问题
Given the following:
type Name = String
envs :: [Name] -> [[(Name , Bool)]]
I have to implement 'envs' so that given a list of Names, it returns all possible combinations of Names and booleans
My attempt didn't return all possible combinations, this was my code:
envs xxs@(x:xs) = [[ (name, value) | name <- xxs , value <- [False, True] ]]
the expected results for
envs ["P", "Q"]
are:
[ [ ("P",False)
, ("Q",False)
]
, [ ("P",False)
, ("Q",True)
]
, [ ("P",True)
, ("Q",False)
]
, [ ("P",True)
, ("Q",True)
]
]
But, mine were:
[[("P",True),("Q",True)],[("P",False),("Q",False)]]

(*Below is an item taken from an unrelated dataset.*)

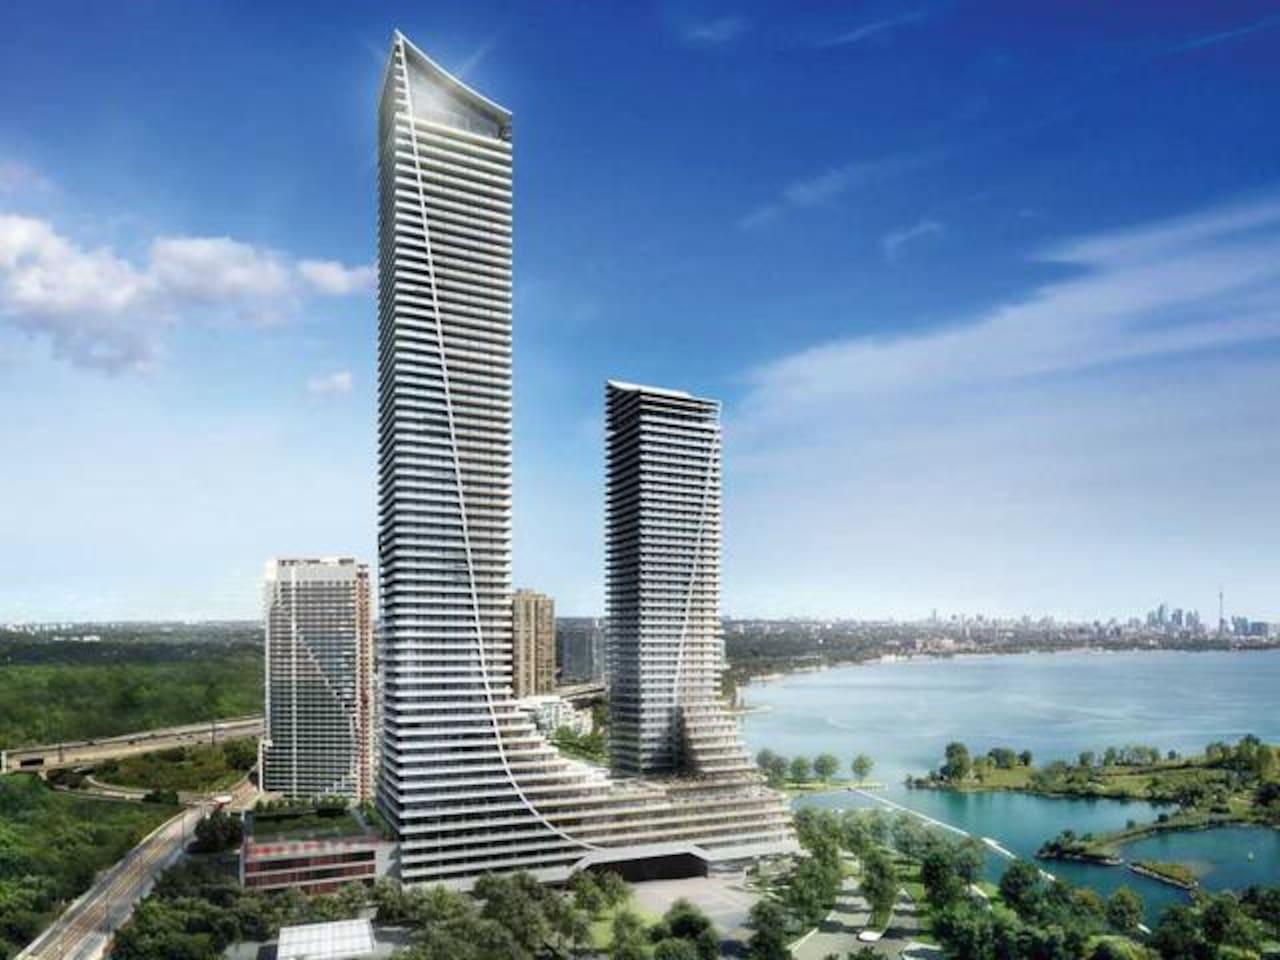 Landmark new towers overlooking the lake

So what is the proper implementation of the 'envs' function, the one that returns the expected result?
回答1:
What you want to do is get all combinations of True and False for the number of names, which can be done easily with replicateM specialised to lists:
replicateM (length names) [False, True]
E.g. if length names == 2, then this produces:
[ [False, False]
, [False, True]
, [True, False]
, [True, True]
]
What remains is just to zip each of these with the names themselves:
envs names =
[ zip names values
| let n = length names
, values <- replicateM n [False, True]
]
For envs ["P", "Q"] this produces:
[ [("P", False), ("Q", False)]
, [("P", False), ("Q", True)]
, [("P", True), ("Q", False)]
, [("P", True), ("Q", True)]
]
And it works for any number of inputs, even 0, for which your original implementation would fail since you don’t match []. It always returns 2n assignments:
-- 2^0 == 1
envs [] == [[]]
-- 2^3 == 8
envs ["P", "Q", "R"] ==
[ [("P", False), ("Q", False), ("R", False)]
, [("P", False), ("Q", False), ("R", True)]
, [("P", False), ("Q", True), ("R", False)]
, [("P", False), ("Q", True), ("R", True)]
, [("P", True), ("Q", False), ("R", False)]
, [("P", True), ("Q", False), ("R", True)]
, [("P", True), ("Q", True), ("R", False)]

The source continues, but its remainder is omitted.